Using R to model data in different ways

Data Preprocessing

This next section just deals with data filtering and cleanup to make it more usable for the analysis we’re about to perform.

dataset <- read.csv("HEALTH_PHMC_24102017160155249.csv") # Importing the data
names(dataset) # See different features that the dataset has
 [1] "VAR"        "Variable"   "UNIT"       "Measure"    "COU"       
 [6] "Country"    "YEA"        "Year"       "Value"      "Flag.Codes"
[11] "Flags"     
dataset <- dplyr::filter(dataset, # Filters by rows containing
                         Measure == "Million US$ at exchange rate")
dataset <- dplyr::select(dataset, year = Year, country = Country,
                         value = Value) # Filters by column
total.revenue <- aggregate(dataset$value, by=list(dataset$year), FUN=sum)
total.revenue <- total.revenue[1:35,]
total.revenue[1] <- 1:35
names(total.revenue) <- c("year", "value") # names columns for easier reference
names(total.revenue)
[1] "year"  "value"

Linear Regression

Linear regression is one of the most basic forms of regression. It uses the equation \[ y = mx + b \] Where \(m\) is the slope of the line and \(b\) is where the line crosses the \(y\) axis (also known as the \(y\)-intercept) \(m\) can be found by the equation \[ m = \frac{y_{2} - y_{1}}{x_{2} - x_{1}} \] Where \(x_{1}\), \(y_{1}\) are the coordinates of point 1 and \(x_{2}\), \(y_{2}\) are the coordinates of point 2. With linear regression, we can have R do this for us. It is a very basic form of machine learning.

# Below we will be making a 'linear machine' or lm.
regressor <- lm(formula = value ~ year, data = total.revenue)
y.test <- data.frame("year" = 1:35, "value" = 0)
y.pred <- predict(regressor, newdata = y.test)
y.test[2] <- NULL
y.pred <- data.frame("year" = 1:35, "value" = y.pred)

Now we can use ggplot2, a toolset available to \(R\) analysts based on “The Grammar of Graphics” concept, to plot these two values.
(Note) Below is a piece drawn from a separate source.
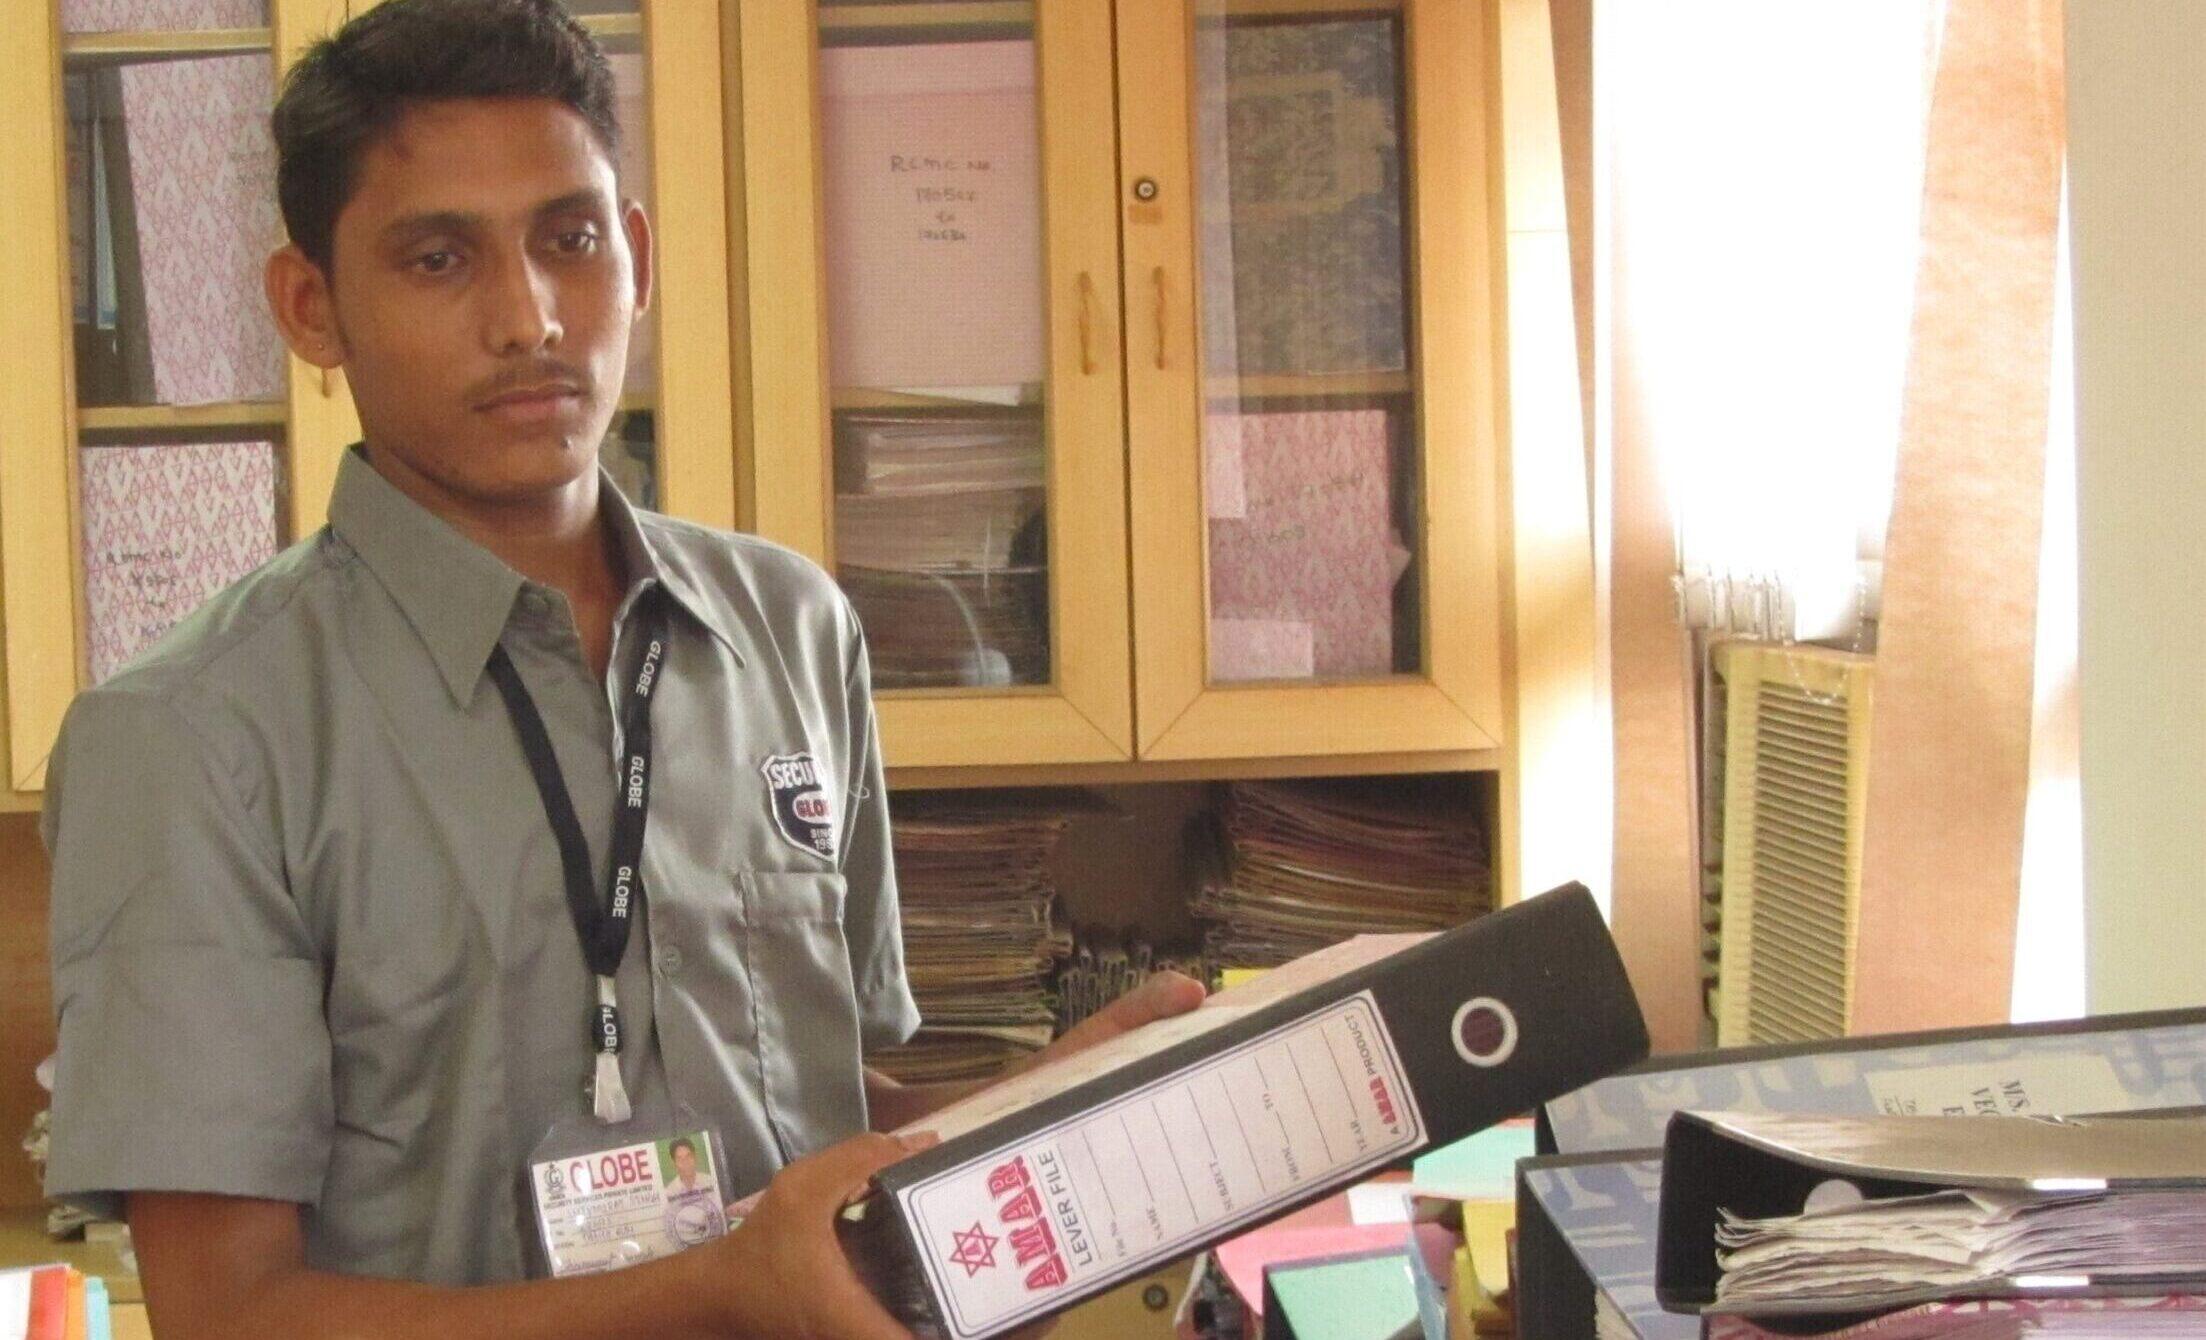 Office Boy in Mumbai handling files

ggplot(data = total.revenue) + aes(x = year, y = value) +
  geom_point(color = "Blue") + 
  geom_point(data = y.pred, aes(x = year, y = value), 
             color = "Green") + 
  ggtitle("Linear Regression Model")

Notice how the green dots and the blue dots both have a similar trend, but only really come into contact with each other for a few years? The model we just made is okay, but it could be better. The reason our group used Linear Regression for our presentation is because it is better for creating future predictions than the other models we looked at.

Polynomial regression

Polynomial regression is very similar to linear regression. But instead of using the equation \(y = mx + b\), we use the equation \[ y = \sum_{i=0}^{n}a_{i}x^{i} \] This may look slightly complicated, but really what it’s saying is \[ y = a_{0}x^{0}+a_{1}x^{1} + a_{2}x^{2} + ... +a_{n}x^{n} \] The best part about this kind of regression is that just like linear regression, we can have \(R\) do it for us. And since our data is ready to go, we can jump right in!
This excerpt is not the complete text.